ACTIVITY: Could you reproduce, from the records below, everything from the line with "5A055052 antirust aluminum" down to the line with "food blog, food", keeping both of those lines and changing nothing?

PROVIDED DATA:
════════════════════

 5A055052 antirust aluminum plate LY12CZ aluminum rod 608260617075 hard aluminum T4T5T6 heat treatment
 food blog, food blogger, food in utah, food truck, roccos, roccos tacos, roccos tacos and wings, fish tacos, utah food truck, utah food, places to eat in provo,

════════════════════

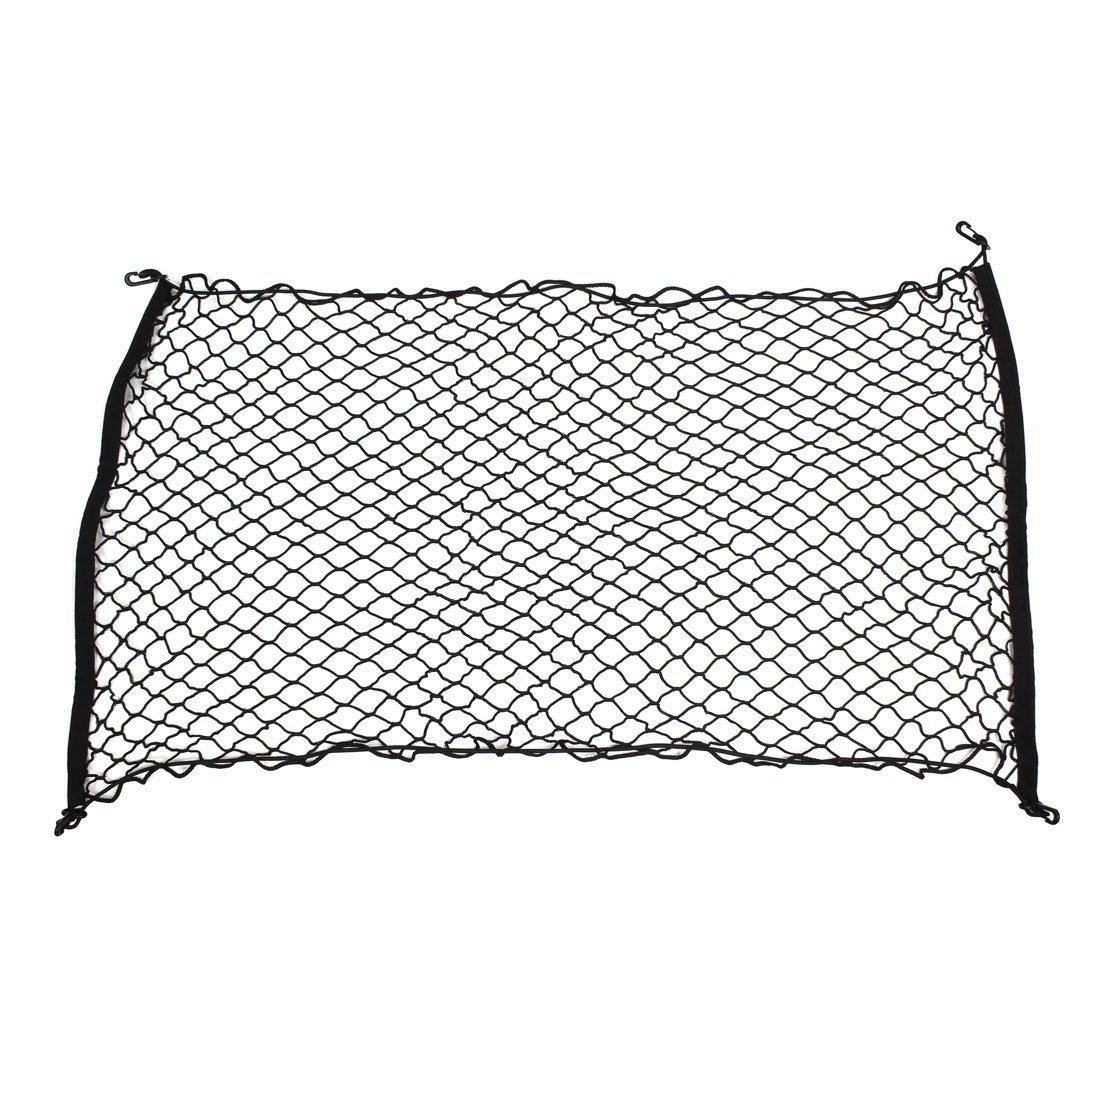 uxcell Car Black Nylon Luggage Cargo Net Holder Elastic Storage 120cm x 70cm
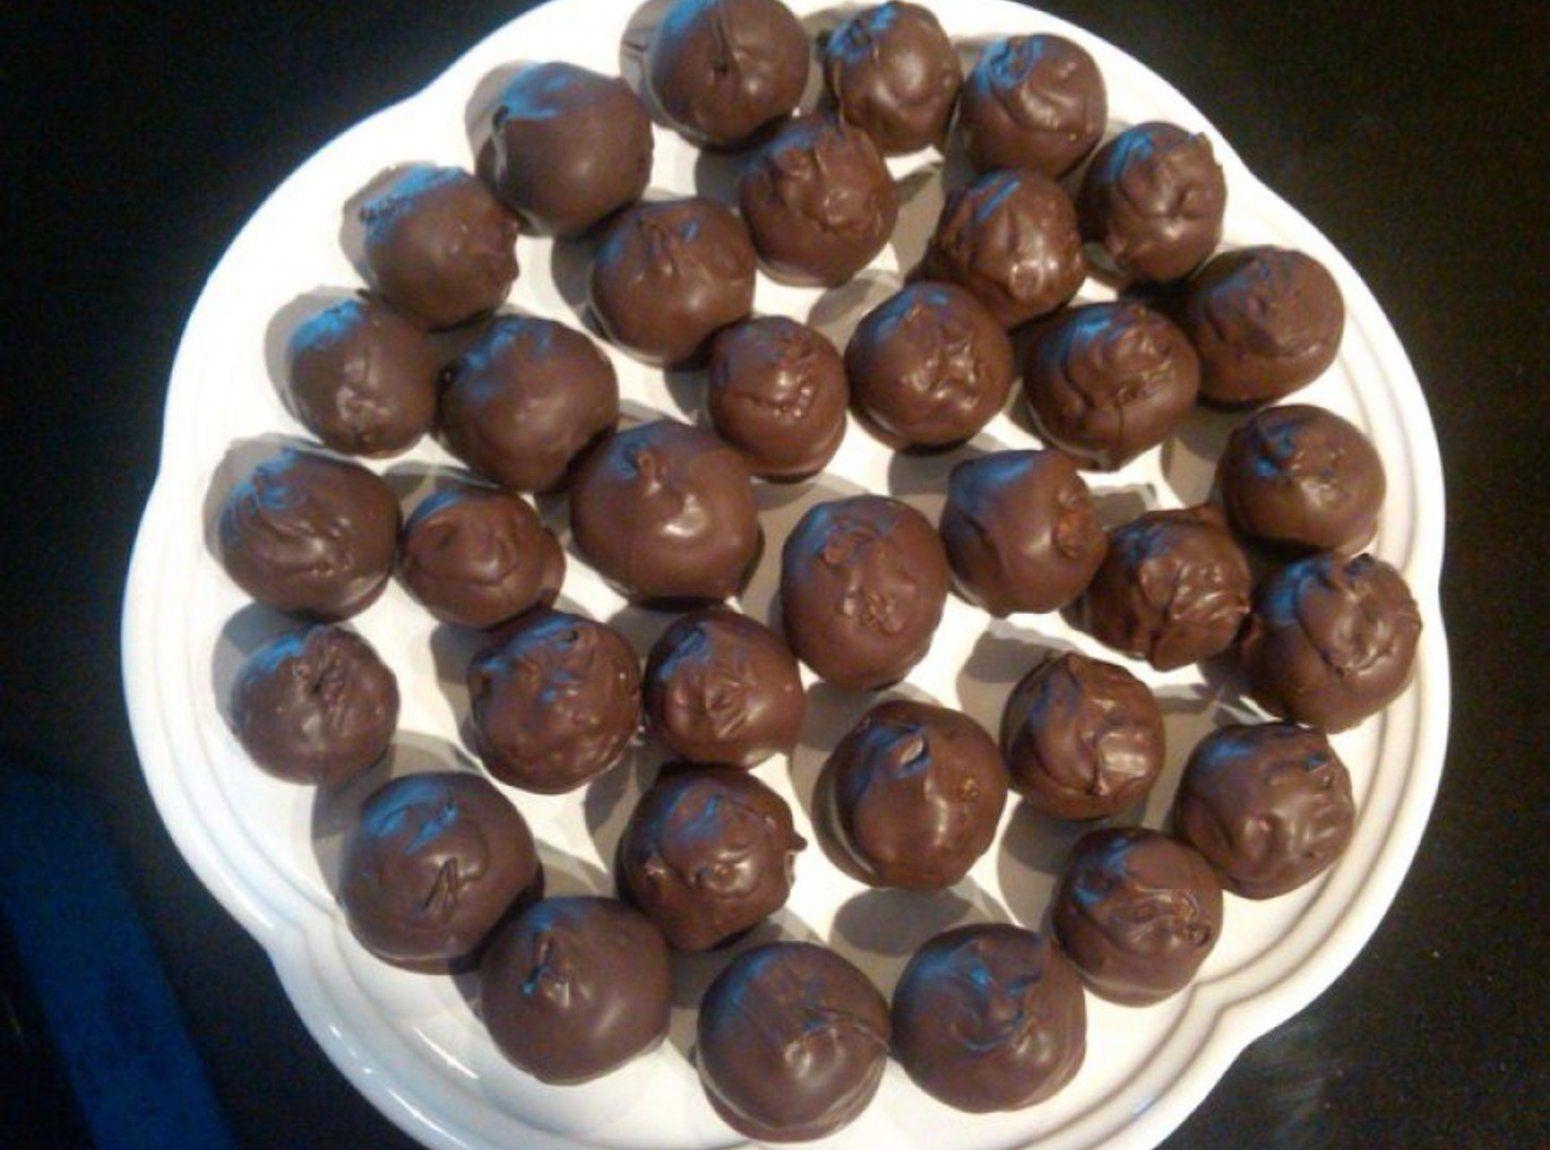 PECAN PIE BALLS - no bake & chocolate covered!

════════════════════

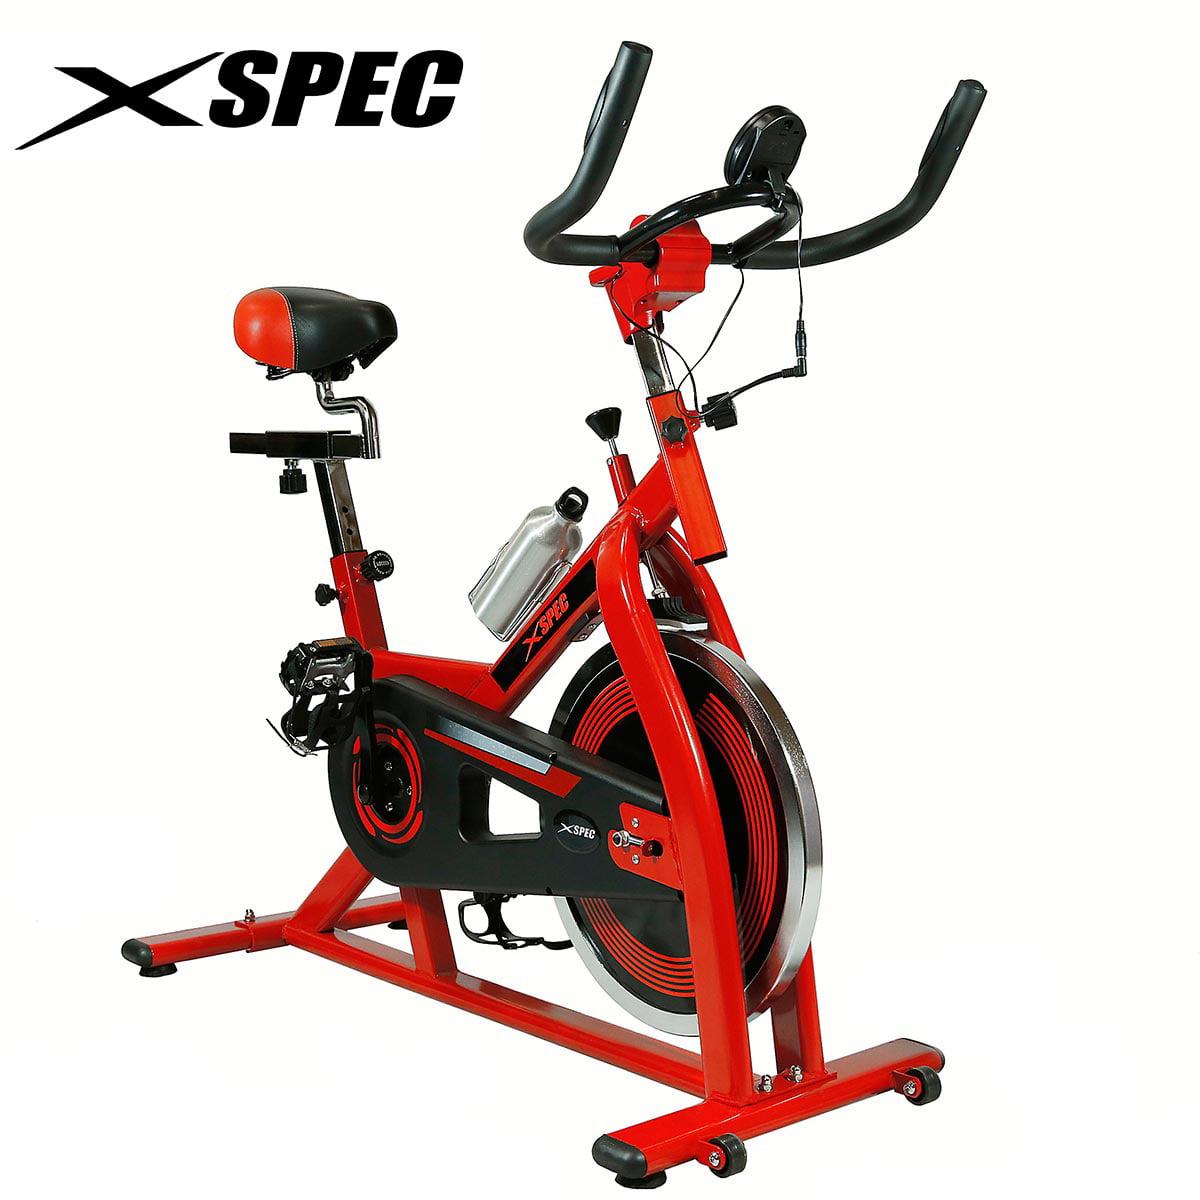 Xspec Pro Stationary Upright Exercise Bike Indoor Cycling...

════════════════════

OUTPUT:
 5A055052 antirust aluminum plate LY12CZ aluminum rod 608260617075 hard aluminum T4T5T6 heat treatment
 food blog, food blogger, food in utah, food truck, roccos, roccos tacos, roccos tacos and wings, fish tacos, utah food truck, utah food, places to eat in provo,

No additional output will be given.